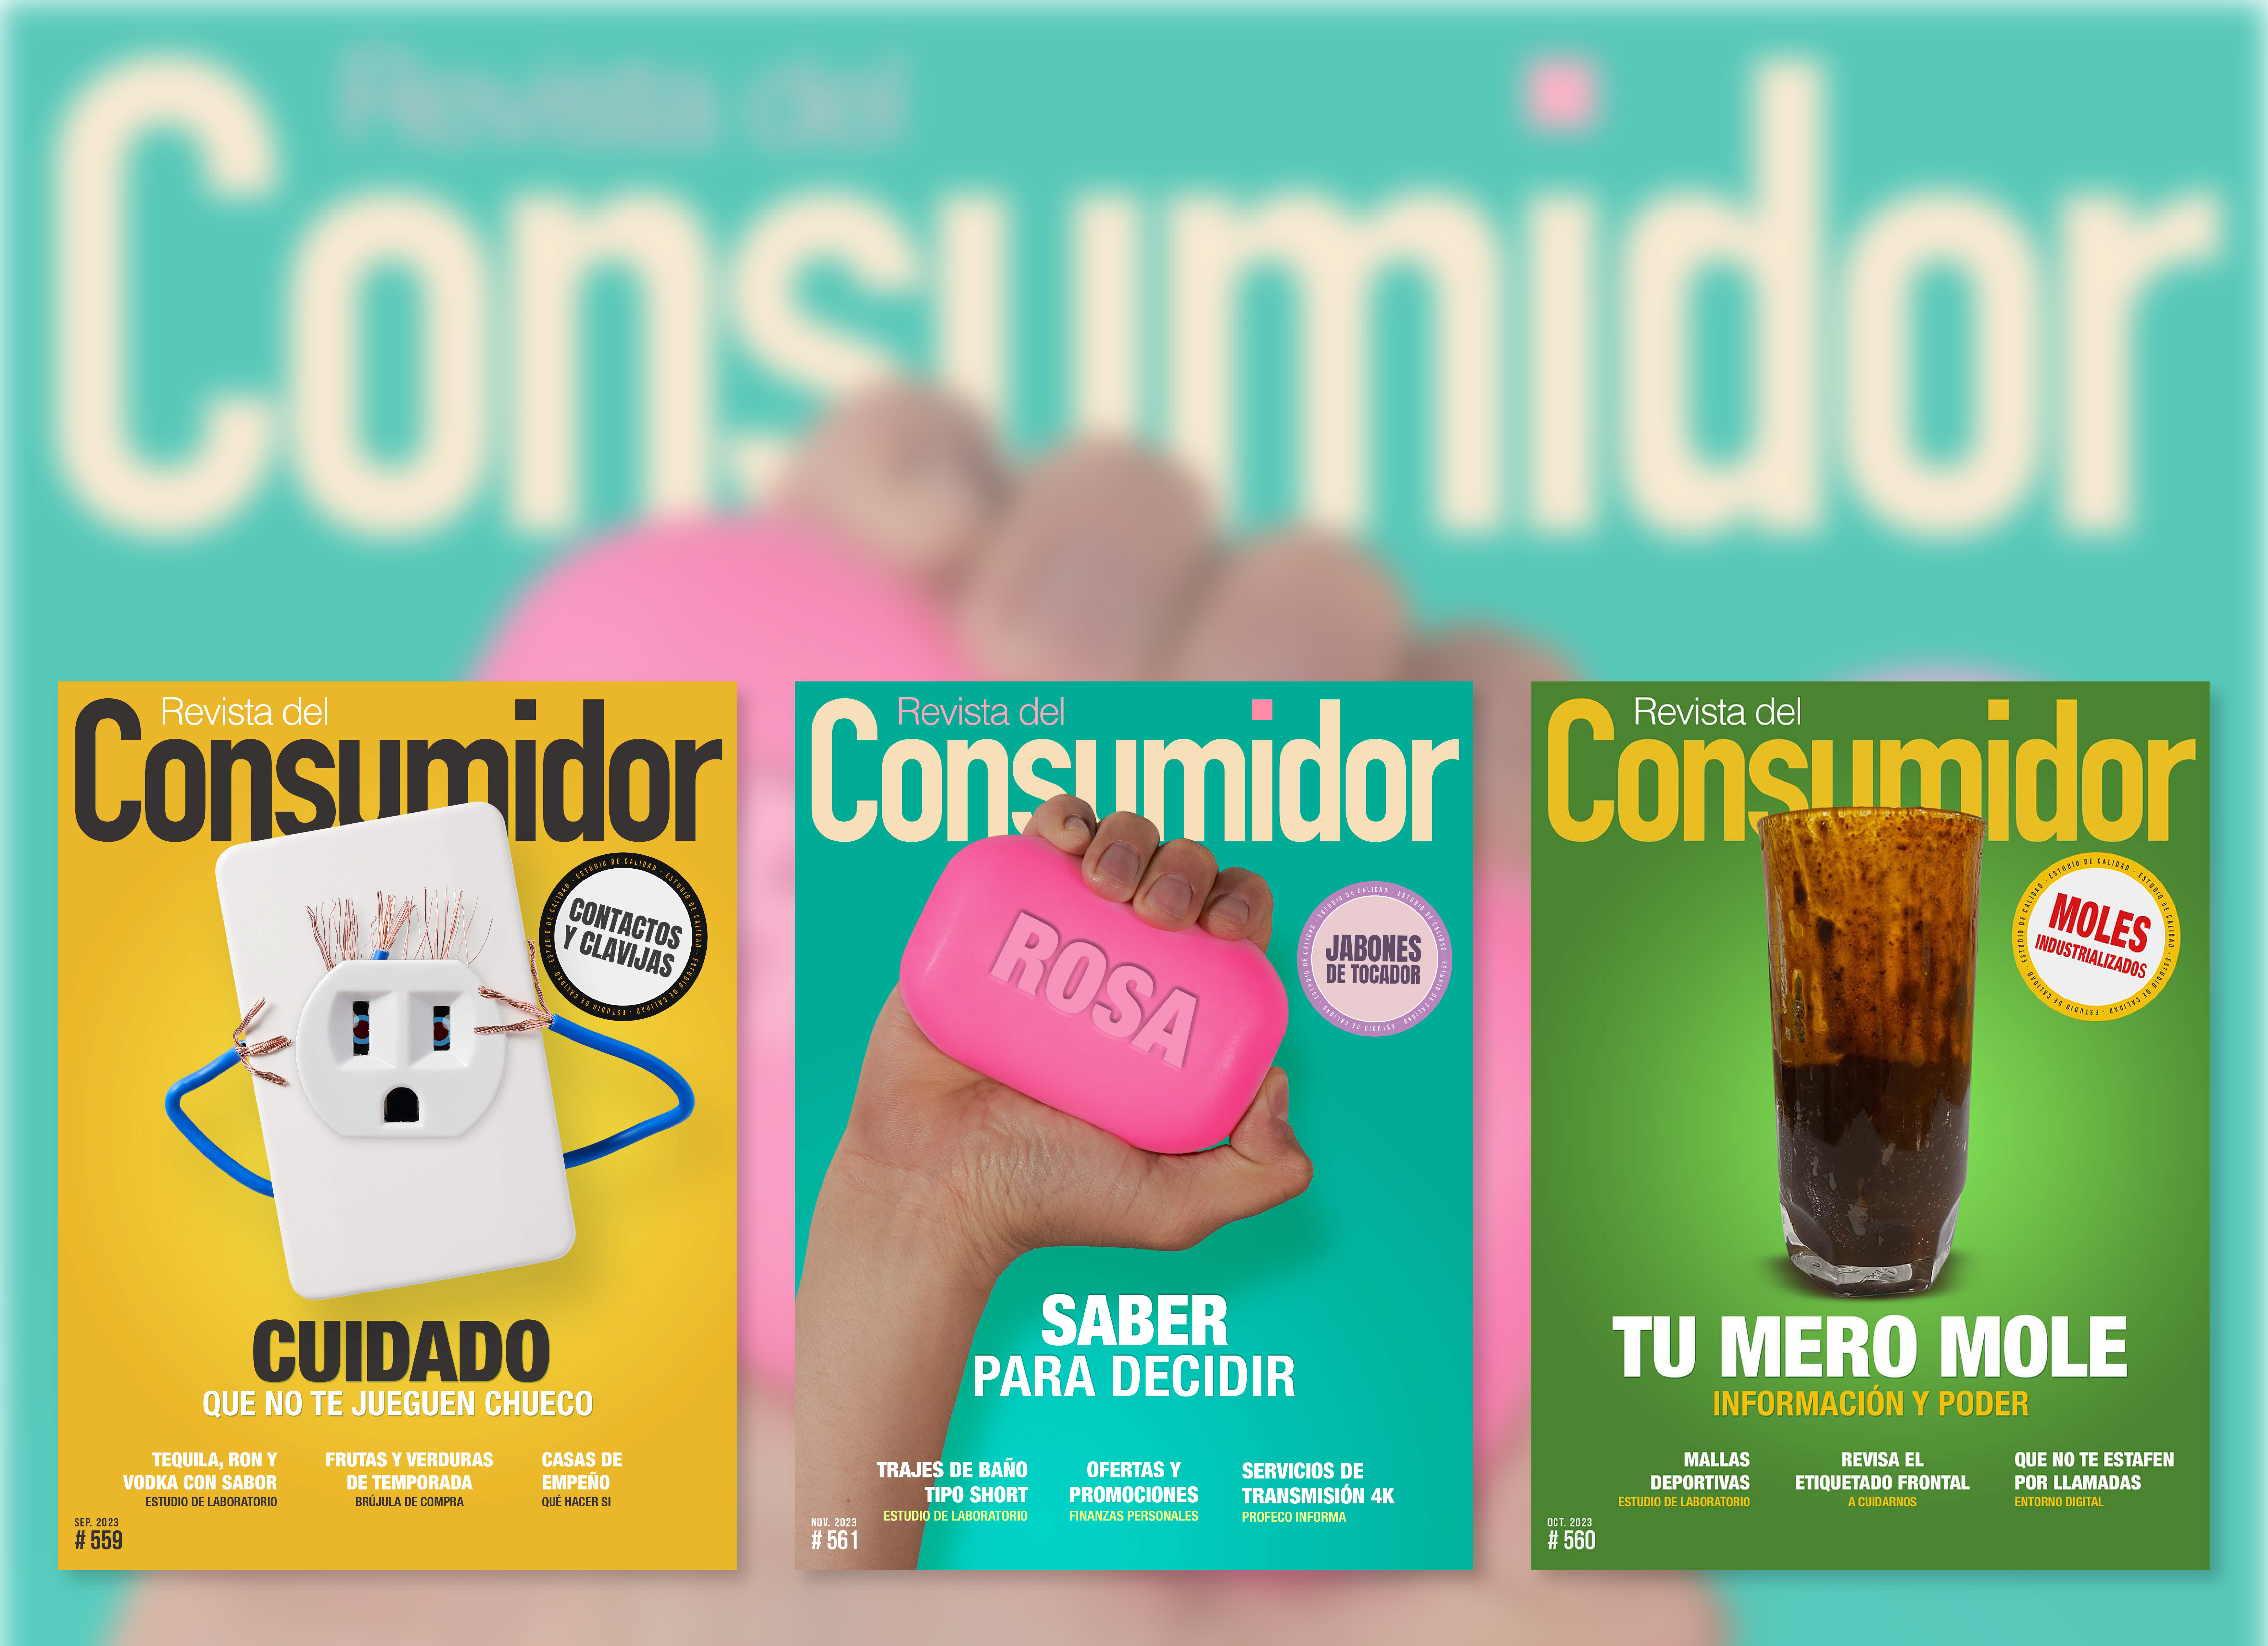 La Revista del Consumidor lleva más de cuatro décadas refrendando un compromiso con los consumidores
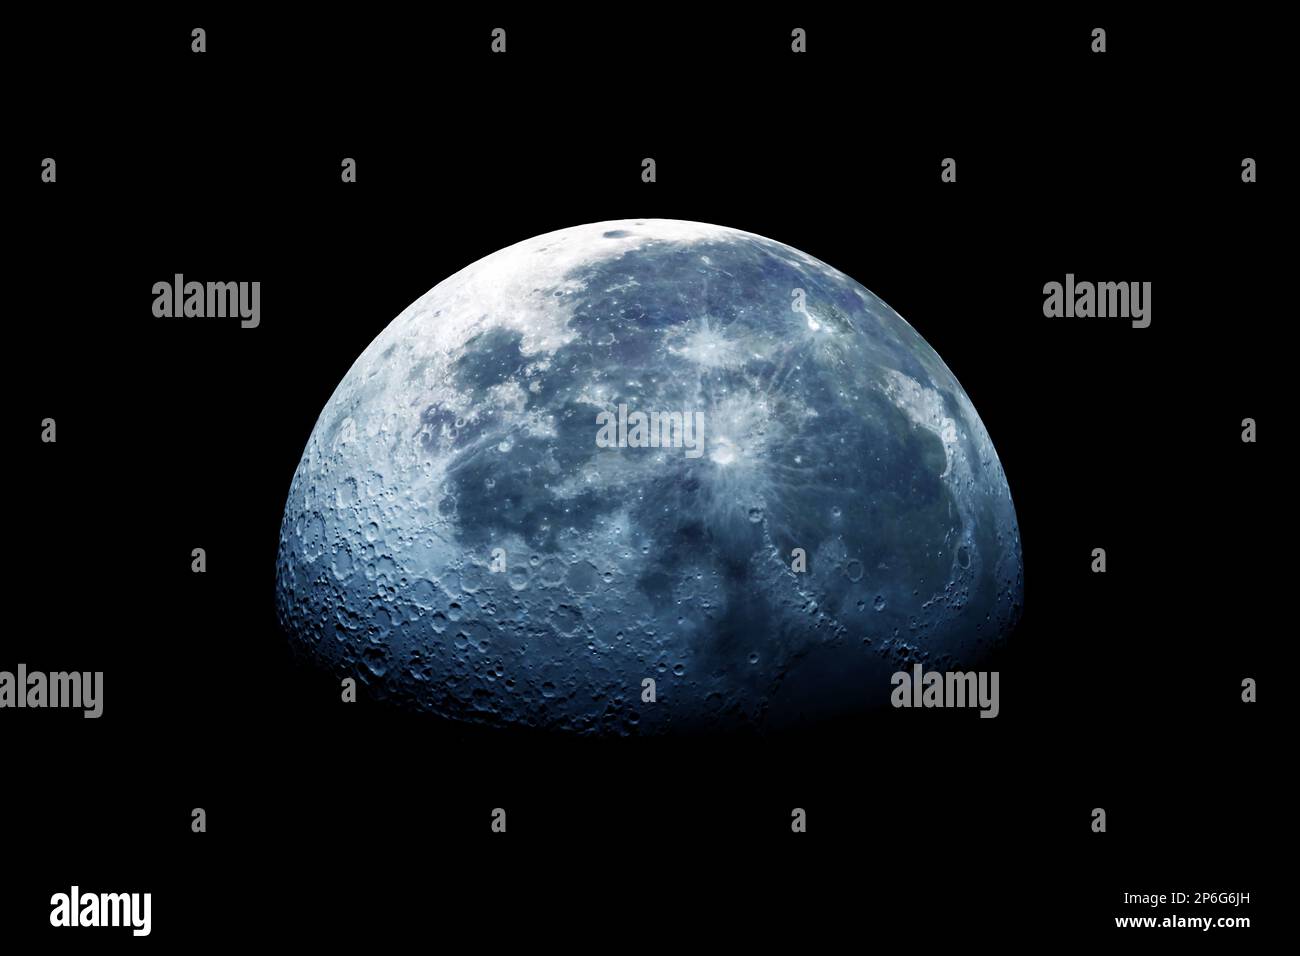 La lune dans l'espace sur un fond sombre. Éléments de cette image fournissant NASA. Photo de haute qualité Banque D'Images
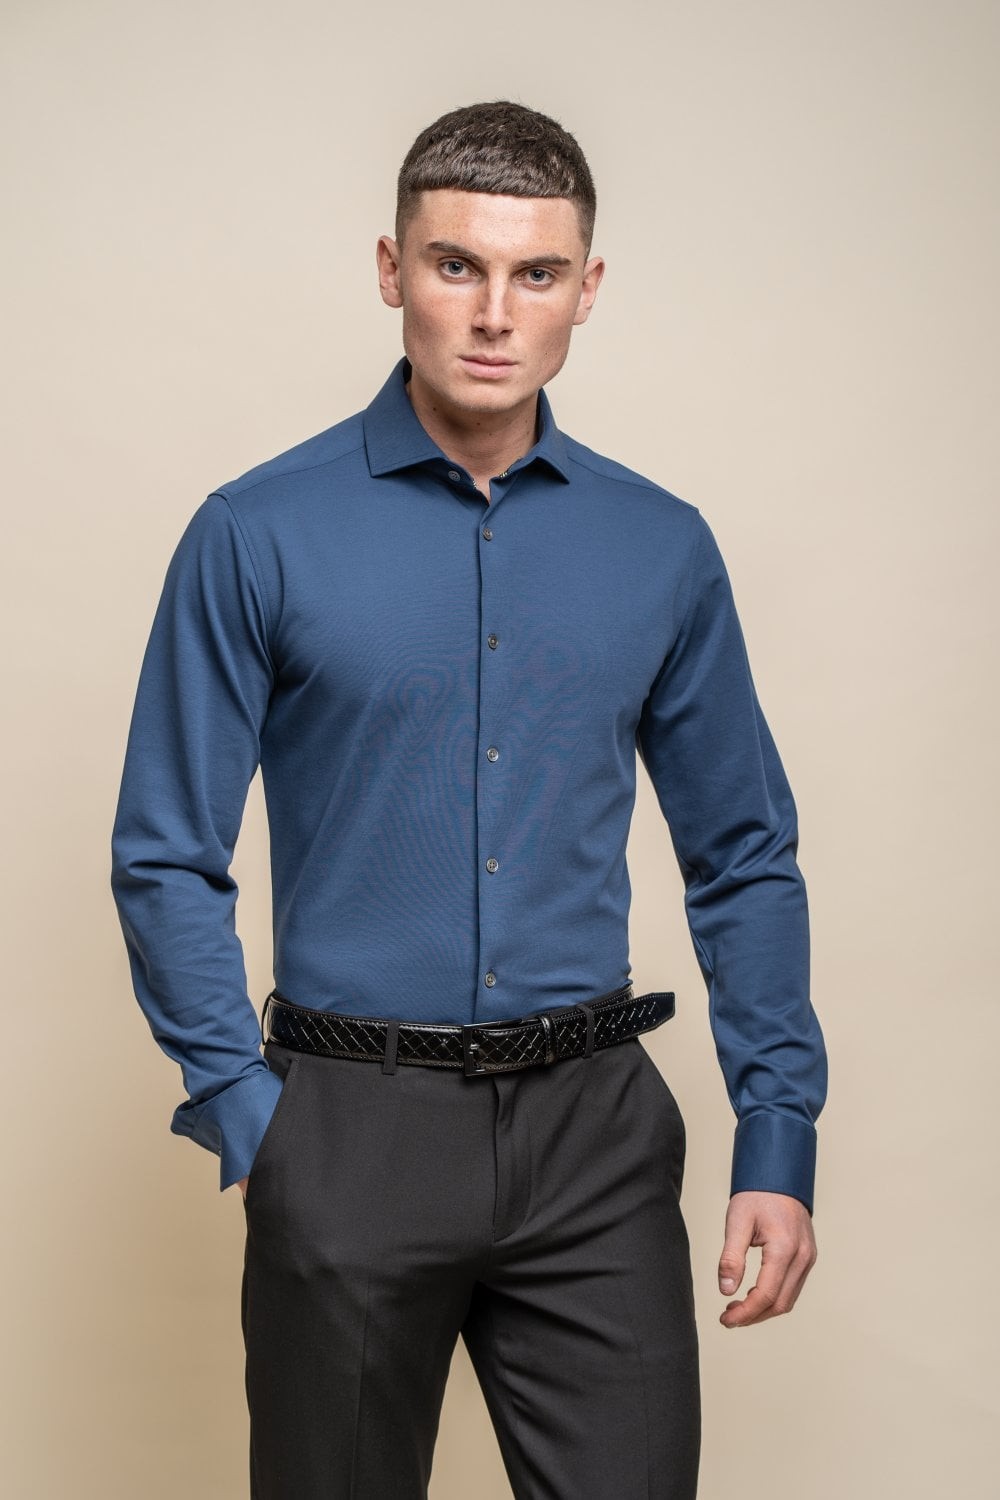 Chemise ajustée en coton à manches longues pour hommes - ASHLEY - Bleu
────
# ASSIGNMENT
Write out the lines of the listing from the one that holds "La lune dans" to the very last line, both included, exactly as they appear and without any pictures.

# SOLUTION
 La lune dans l'espace sur un fond sombre. Éléments de cette image fournissant NASA. Photo de haute qualité Banque D'Images
 Chemise ajustée en coton à manches longues pour hommes - ASHLEY - Bleu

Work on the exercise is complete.